Die blondhaarige Deutsche Lena gesellt sich zu uns und wird von HP sogleich in eine rege Diskussion verwickelt. Sie stammt aus der Nähe von Köln und arbeitet als Jahrespraktikantin einer Missionsgesellschaft hier im Chrischtehüsli mit. HP äussert im Gespräch mit ihr sein Anliegen, die einzelnen Aktivitäten der Gassenarbeit besser zu vernetzen und die Gassenarbeit noch auszubauen.
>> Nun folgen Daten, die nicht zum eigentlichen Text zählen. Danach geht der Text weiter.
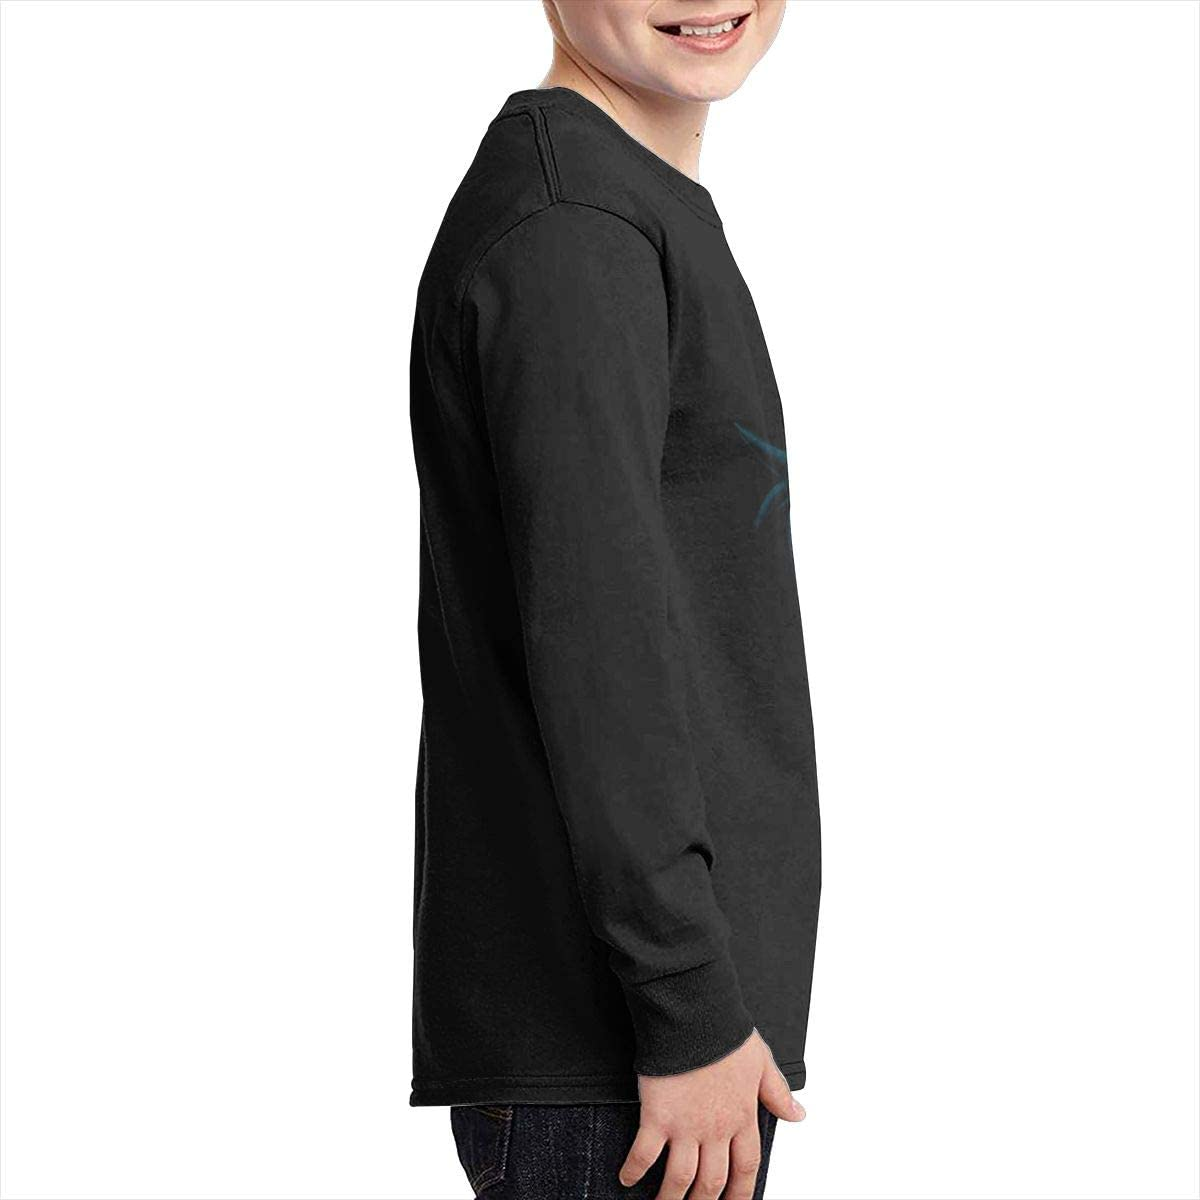 Inner Halloween Boys Long Sleeve T-Shirt,Fashion Youth Tops

«Komm mal her, es gibt Hoffnung für dich!», möchte er allen Drogenabhängigen zurufen. «Ein Mann hatte vor 10 Jahren eine Therapie absolviert, bevor er abstürzte. Wir haben ihn immer wieder motiviert und für ihn gebetet. Vor kurzem hat er sich entschieden, eine Therapie zu machen», erzählt er. Ausdauer und Geduld braucht es in dieser Arbeit. Während in Kliniken teilweise Methadon abgegeben wird, setzen die Institutionen des TVO voll auf ganzheitliche Therapie ohne Abgabe von «Ersatzdrogen».

Mittlerweile hat Astrid an unserem Tisch Platz genommen. Die mütterlich wirkende Schweizerin macht freiwillig im Chrischtehüsli mit. Es sei eine sehr gute Kontaktstelle, um Leute auf der Gasse kennen zu lernen. «Manchmal ist es schon ein Kampf, die Leute zu motivieren, ihre Termine einzuhalten», sagt sie. HP erzählt mir, dass er seit 1995 im Meilestei mitarbeitet. 1997 begann der Meilestei mit der Gassenarbeit in Zürich. Gleich zu Beginn «sei man durchgestartet» und habe innert drei Monaten 6 Leute im Therapiehaus aufnehmen können. Von den 12 Therapieplätzen sind derzeit 11 belegt.